Mutation is a method of randomly changing the gene value of one or more chromosomes to generate new chromosomes for chromosomes in a population with a certain probability. The variation can effectively complement gene characteristics lost during selection and crossover.

The selection is to select excellent individuals from the current population and directly enter the next generation of operation.

According to the characteristics of the double-layer coding design, the invention adopts a two-point different mutation method and a two-point intersection method to interchange chromosome segments for genetic operators in the first layer coding. Preferably, after crossing, the complement of the crossed segments is also randomly rearranged to non-crossed segments for chromosome repair. Further, genetic operators in the second layer of coding are subjected to genetic manipulation by adopting a single-point mutation method and a two-point intersection method.

Fitness refers to the performance of a single chromosome or the degree of fitness to the environment, and it directly relates to the quality of the final solution and the search efficiency given the known search direction. The fitness function is a function for finding the fitness of each chromosome. The fitness is typically a positive value. The higher the fitness value of the chromosome, the higher the fitness, and the easier the chromosome is to be selected for the next genetic operation to generate a new generation of chromosomes. For a well-established mathematical model, the objective function is usually directly adopted as the fitness function. In the multi-objective optimization problem, firstly, multi-objective normalization operation is carried out to convert the multi-objective normalization operation into a single-objective problem, or a scheduling objective is embodied in a constraint condition. Preferably, in the process of determining the furnace tube equipment scheduling scheme, the inverse of the objective function of the scheduling model of the furnace tube equipment may be set as the fitness function.

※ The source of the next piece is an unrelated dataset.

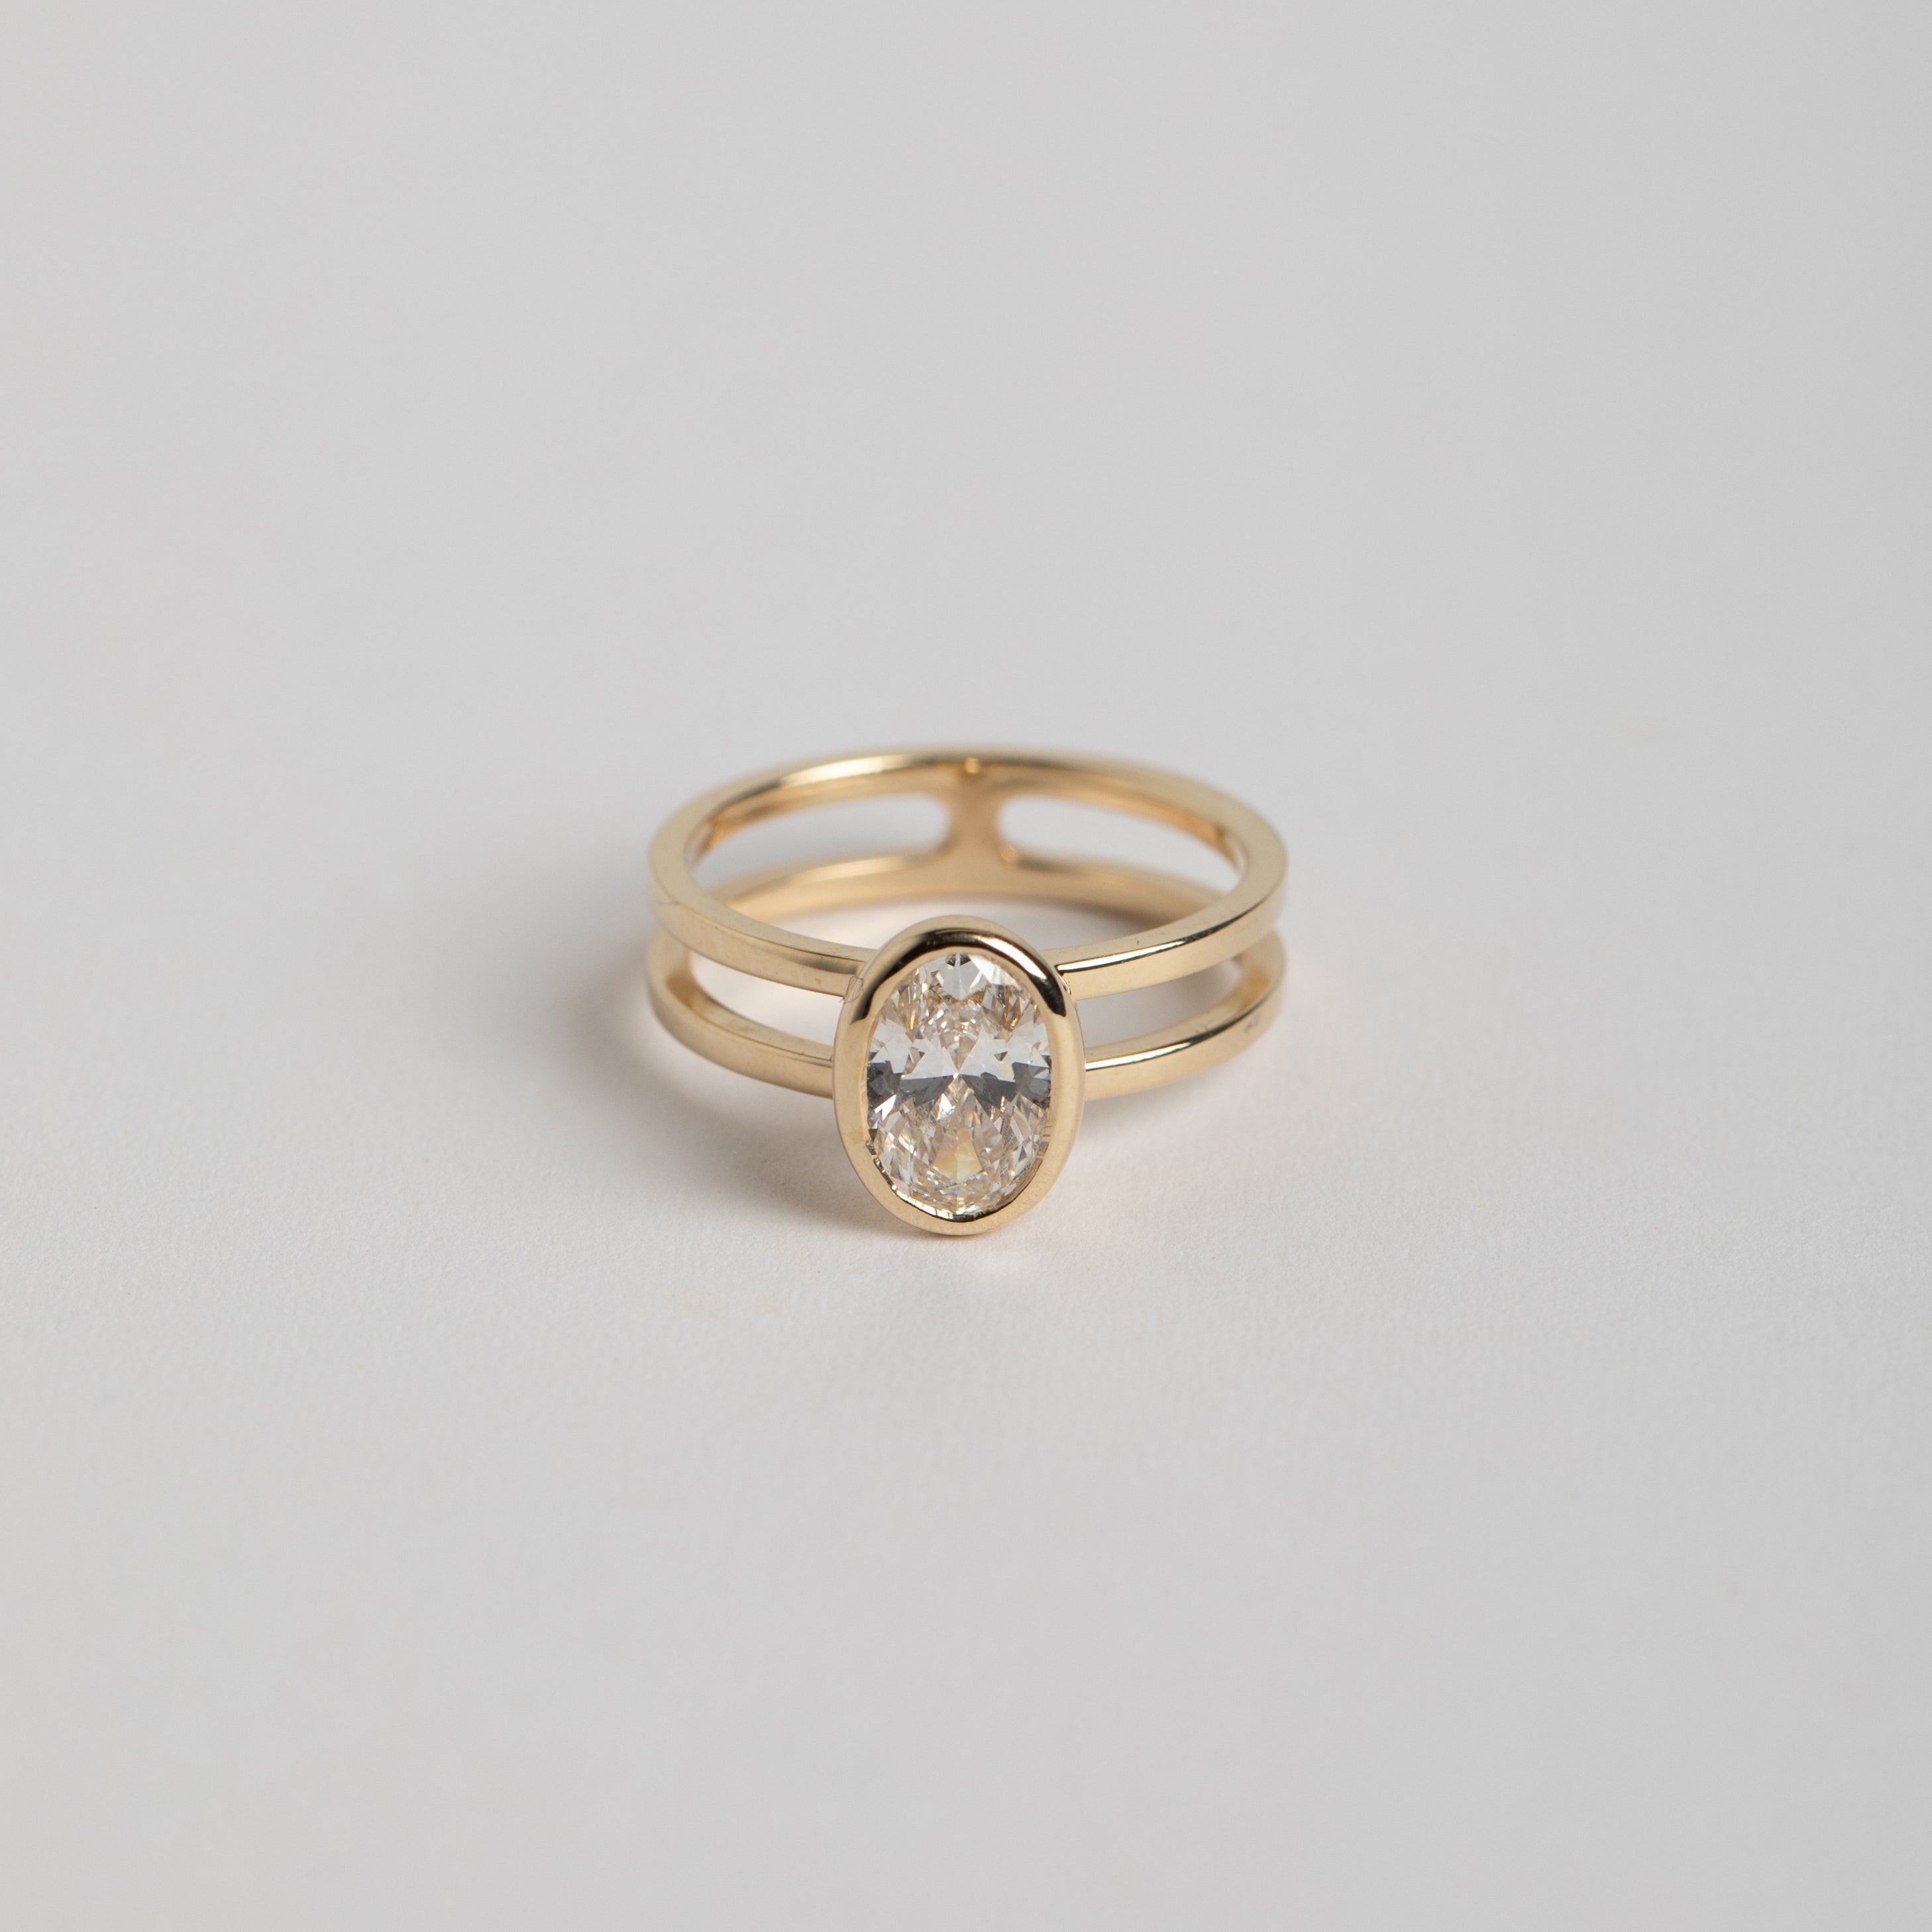 Designer Benu Ring in 14k gold set with a G VS1 1.17ct lab-created diamond made in NYC by SHW fine Jewelry

Preferably, the selection operation is performed by using a roulette selection method based on the fitness value of the chromosome to establish a new round of population.

The roulette selection method, also known as fitness scaling or monte carlo model, is based on the principle of first determining the sum of fitness of all chromosomes, and the probability of each chromosome being selected is the percentage of fitness of that chromosome. The higher the fitness, the higher the proportion of chromosomes is, the higher the probability of selection is, otherwise, the lower the probability is, and the natural selection rule of high quality and poor quality is embodied.

At least the population size, the iteration number, the cross probability and the variation probability need to be set in the initial stage of the genetic algorithm. The values of these parameters directly affect the search efficiency and solution quality of the genetic algorithm. The empirical values of the parameters may be obtained through preliminary experiments or the like in an early stage, and the empirical values of the parameters are taken corresponding to an actual problem in an initial stage of the genetic algorithm. Preferably, in the process of determining the furnace tube device scheduling scheme, the population size may be set to 200, the number of iterations is set to 400, the mutation probability is set to 0.05, and the crossover probability is set to 0.8.

Step S620 is: and performing genetic algorithm iteration on the initial population.

After the parameter setting of the initial stage is completed, the loop iteration can be performed by utilizing the genetic algorithm.

Each iterative process is a process for generating a new generation of population. The specific steps of each iteration may be as shown in fig. 7, including steps S621-S623.

Wherein, step S621 is: and performing mutation operation and cross operation on the chromosomes in the iteration result of the previous round of genetic algorithm based on the mutation probability and the cross probability to generate new chromosomes.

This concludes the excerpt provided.